- IATA: none; ICAO: none;

Summary
- Operator: formerly Luftwaffe Soviet Air Force
- Location: Chojna, Poland
- Built: 1938
- In use: 1938-1992
- Elevation AMSL: 187 ft / 57 m
- Coordinates: 52°56′23″N 14°25′09″E﻿ / ﻿52.9396°N 14.4191°E

Map
- Chojna Air Base Location of airport in West Pomeranian Voivodeship Chojna Air Base Chojna Air Base (Poland)

Runways
| Direction | Length |  | Surface |
| ft | m |
| 09/27 |  | 2,300 | concrete |
- Disused

= Chojna Air Base =

Chojna Air Base is a former military air base near the town of Chojna in West Pomeranian Voivodeship, Poland. The airfield was built as Königsberg-Neumark Air Base for the Luftwaffe in the then province of Pomerania.

==History==
===1937–1945===
The base was built between 1937 and 1938 for the Luftwaffe. The runway had a grass surface. In the north of the air base there were two very large and three large aircraft hangars and a large repair hangar. Behind the hangars were other farm and accommodation buildings.

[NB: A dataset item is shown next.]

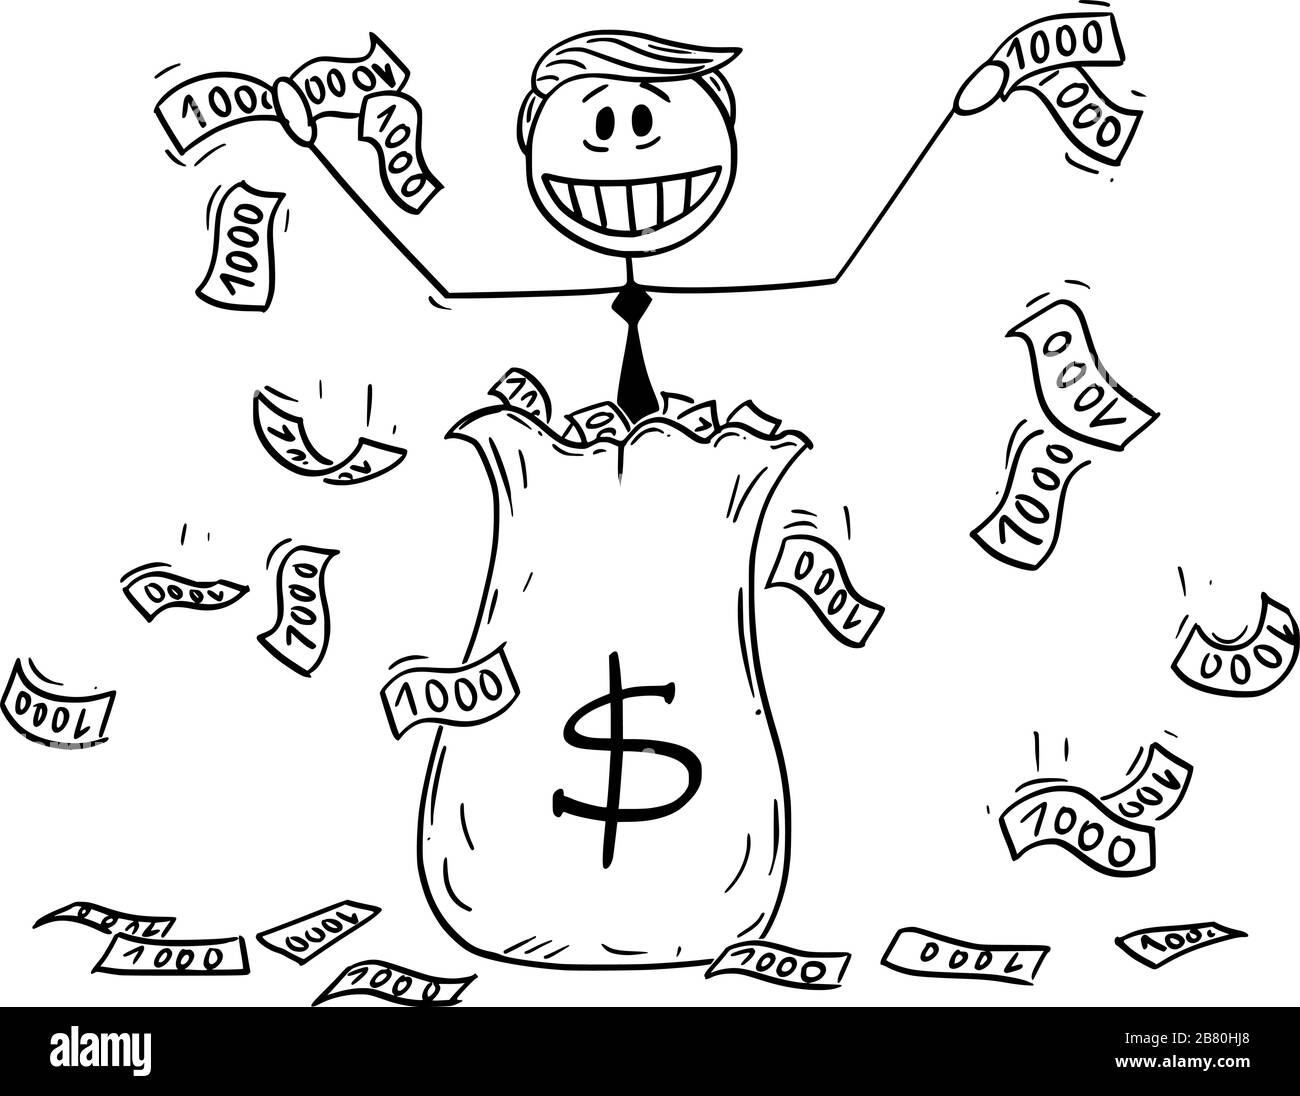 Illustrazione vettoriale del presidente americano Donald Trump che ha buttato via denaro, utilizzando denaro in elicottero o quantitative easing durante la recessione.Marzo 19,2020. Illustrazione Vettoriale

The first flying unit stationed here, from August 1939, was II./Kampfgeschwader 27. From 1939 to 1945, various pilot schools were also housed here.

===1945–1992===
On 4 February 1945, Red Army troops occupied the base.

The base was used by the following Soviet Air Force units:
- 149th Fighter Regiment operating Yak-9s (January 1946 to February 1949)
- 871st Fighter Regiment operating Yak-9s (February 1949 to December 1952)
- 582nd Fighter Regiment operating MiG-17, MiG-21F-13, MiG-21PF, MiG-21PFM, MiG-21SMT, MiG-21bis and Su-27 (June 1955 to 5 May 1992)
- 330th independent Reconnaissance Regiment operating MiG-15Rbis (1956–1963)

On 5 May 1992 the 582nd Fighter Regiment withdrew to Smolensk.